An autopsy showed that semen found in Belmonte matched Lopes’ DNA, but Lopes’ attorneys argued it was not relevant because the sexual relationship was consensual, a claim Belmonte's relatives vehemently denied.

“You dumped her half-naked and beaten body in a swamp. You did not even have the decency to cover her,” Destry said.

Police said security video from a neighbor’s house showed Belmonte and Lopes, who was 21 at the time of his 2011 arrest, leaving in the same car and stopping at a Walgreens before heading to a party.

The car returned with Lopes and Belmonte around 2:48 a.m. A short time later, Lopes was seen dragging a bag across the driveway and loading bags into the trunk. Belmonte's body was found three days later and Lopes' clothing was found in a dumpster with Belmonte's blood on it.

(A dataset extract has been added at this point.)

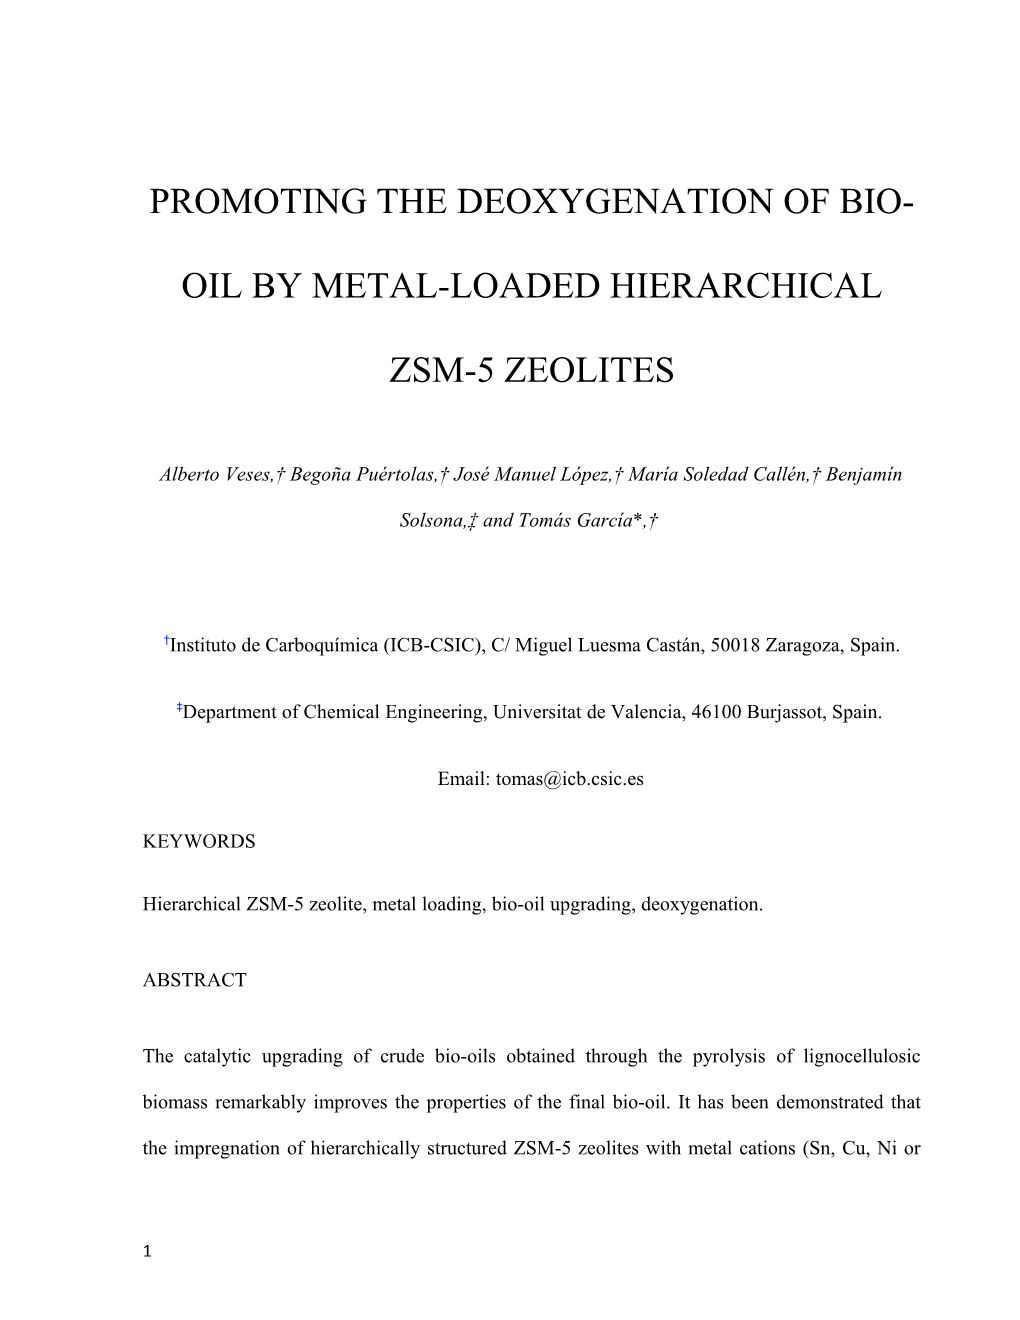 Promoting the Deoxygenation of Bio-Oil by Metal-Loaded Hierarchical Zsm-5 Zeolites

Lopes had pleaded not guilty to the murder.

Citing concern for what he called a total lack of remorse, the judge imposed the harshest punishment. The sentence brought the victim's family to tears.

Belmonte adopted Lopes, her cousin, when he was a child and had lost his father in Guyana.

During sentencing the judge mentioned she saved him from what was sure to be a life of poverty and Lopes treated her with utter contempt.

“If he could this to his mother, who loved him, cared for him, then there's nothing left for anyone else in society,” prosecutor Adriana Alcalde said.